We often have to deal with categorial features. In order to be able to work with them, we often have to encode them correctly. There are two approaches for this task:

***One-Hot Encoding***

One-hot encoding means converting each category value into a new column and assigns a 1 or 0 (True/False) value to the column

We apply One-Hot Encoding when:
1. The categorical feature is not ordinal (e.g. a set of countries which is encoded using numbers)
2. The number of categorical features is less so one-hot encoding can be effectively applied

***Label Encoding***

Label encoding is simply converting each value in a column to a number

We apply Label Encoding when:
1. The categorical feature is ordinal (e.g. trust_level 2 is better than trust level 1)
2. The number of categories is quite large as one-hot encoding can lead to high memory consumption 


#### One-Hot Encoding

In [None]:
data['customer_sex']

In [None]:
pd.get_dummies(data['customer_sex'])

#### Label Encoding

In [None]:
data['paymentType']

In [None]:
from sklearn import preprocessing
le = preprocessing.LabelEncoder()
le.fit(data['paymentType'])

In [None]:
# list of labels
le_mapping = dict(zip(le.classes_, le.transform(le.classes_)))
print(le_mapping)

In [None]:
pd.Series(le.transform(data['paymentType']))
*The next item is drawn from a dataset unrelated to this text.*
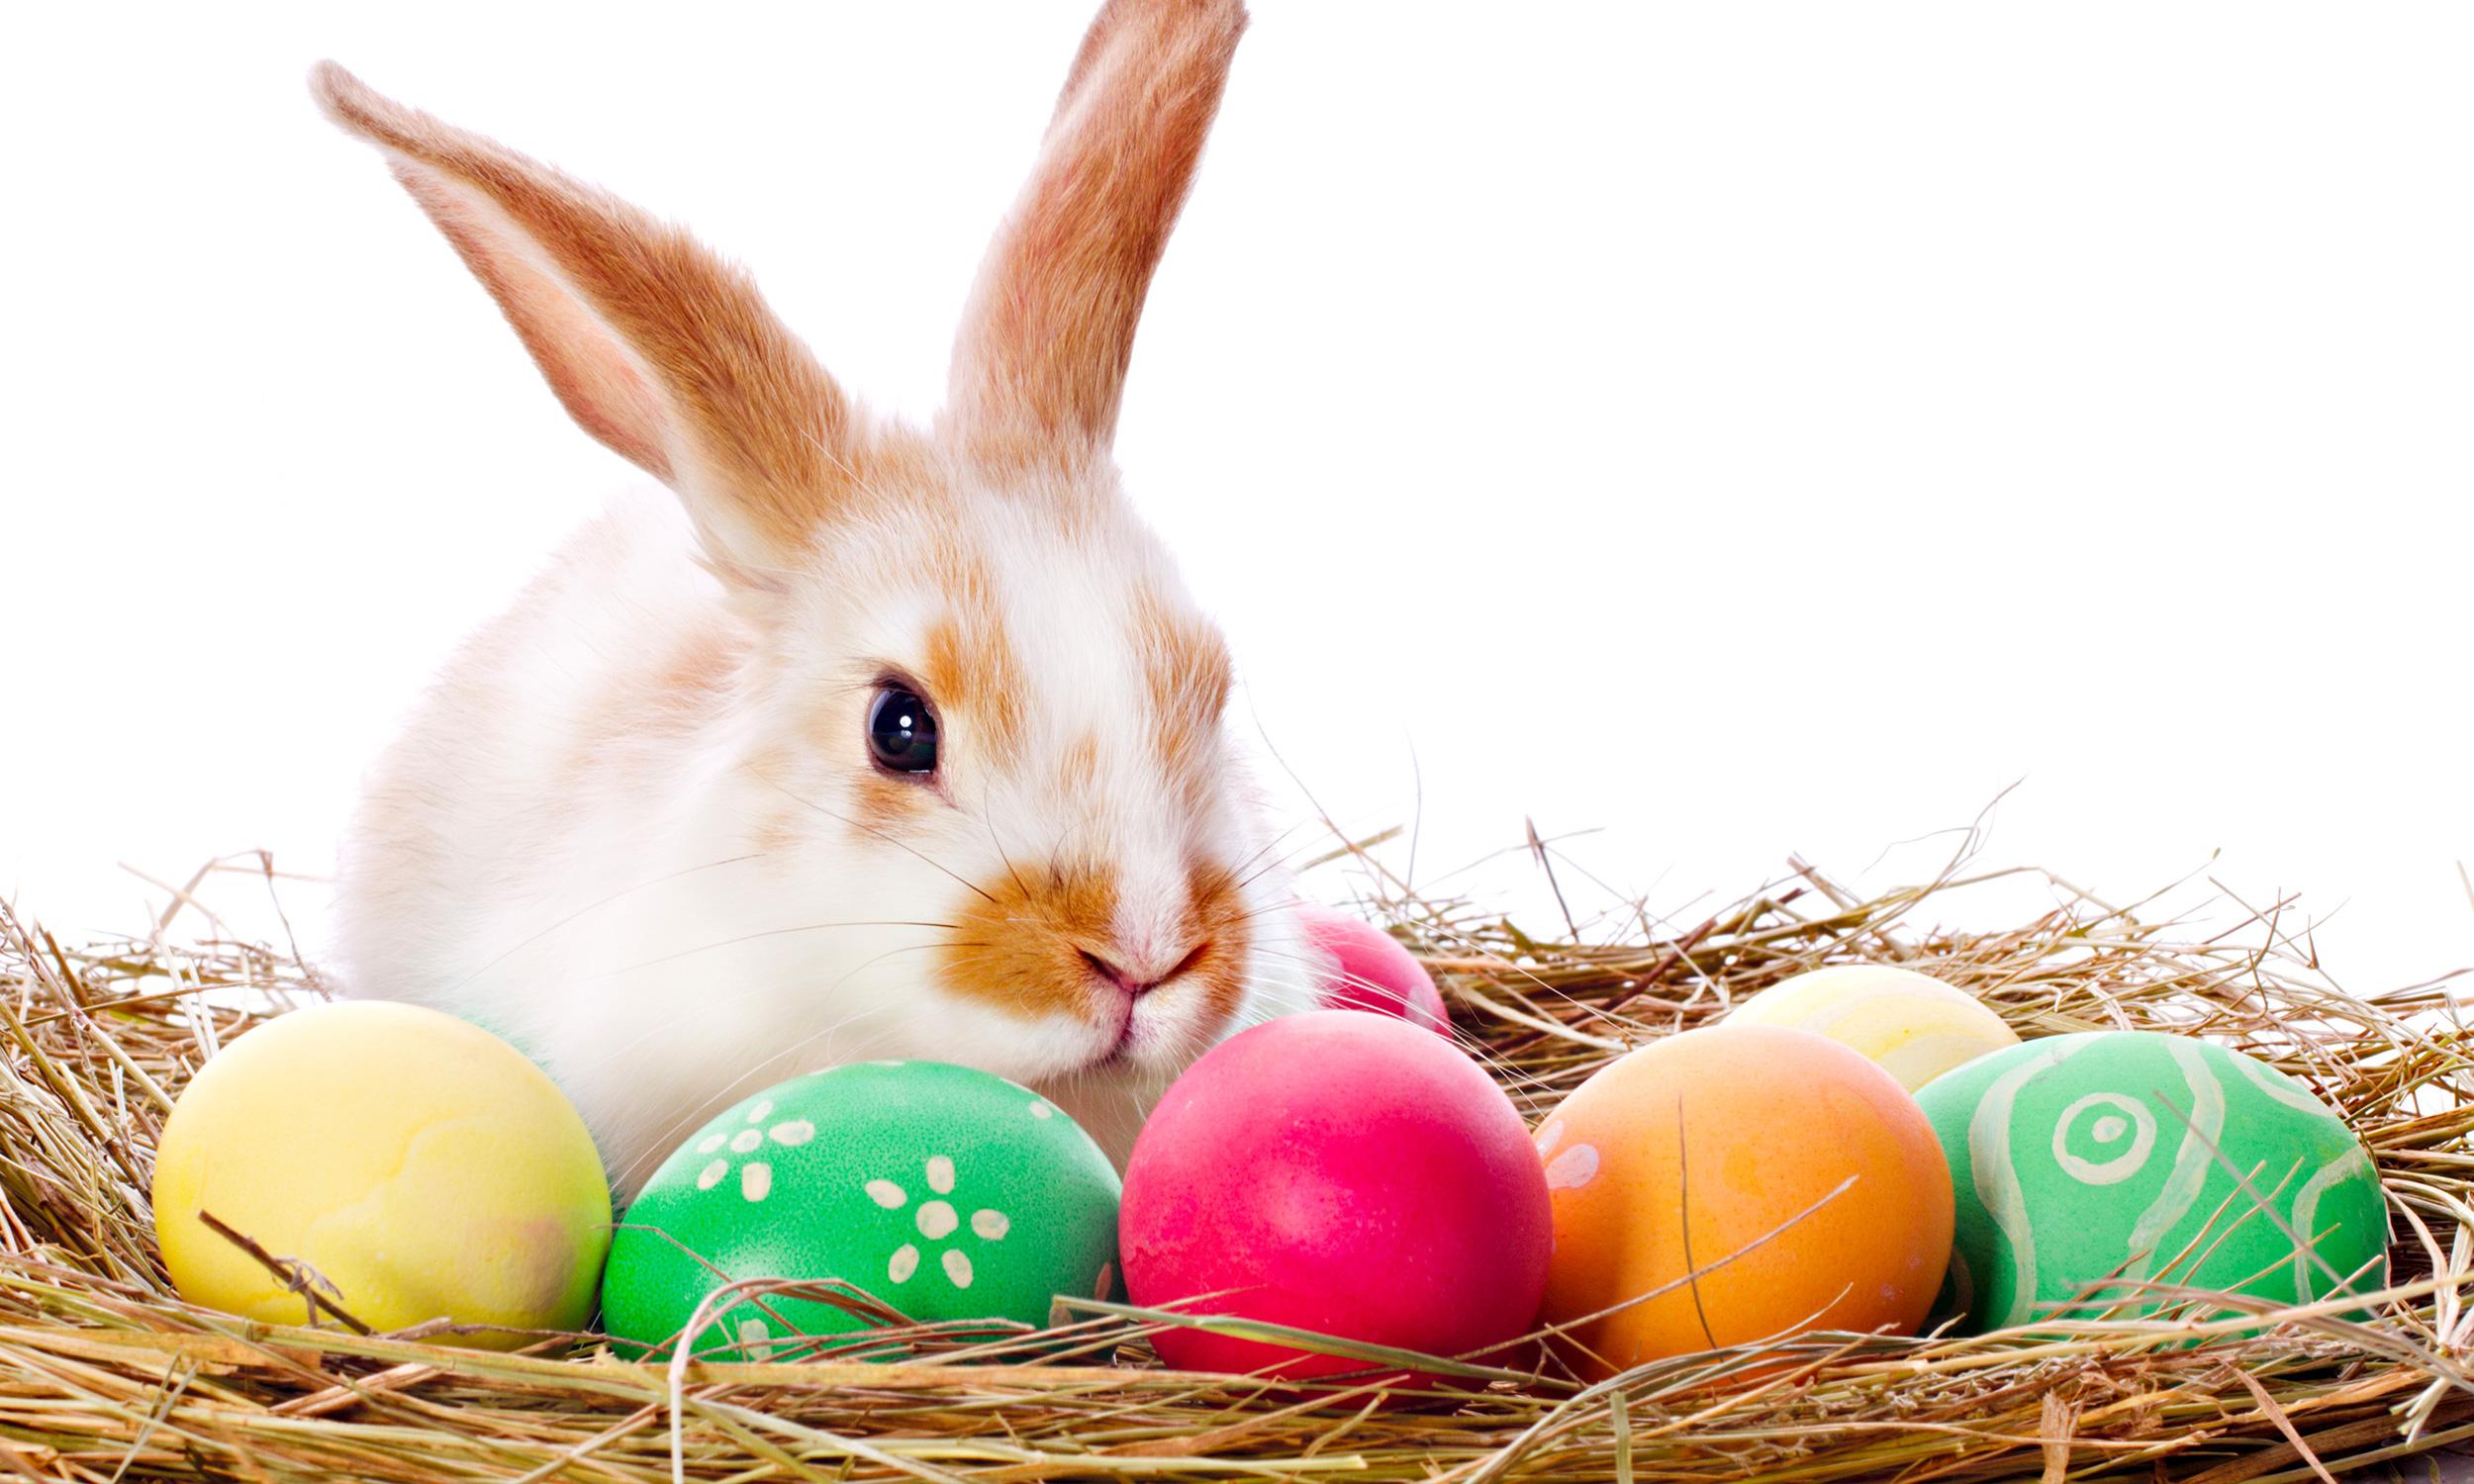 portada de blog sobre el origen del conejo de pascua

### Now you: Preprocessing
1) Encode the feature storeLocation with a suitable encoding Method

2) perform a Normalization for the feature grandTotal. Save the calculated feature as grandTotalScaled.

In [None]:
# 1) solution


In [None]:
# 2) solution

That's it for today! In the next session we will learn how to train our first machine learning models. Don't worry if you missed some things today. We will hand you the solutions at the end of the second sessions.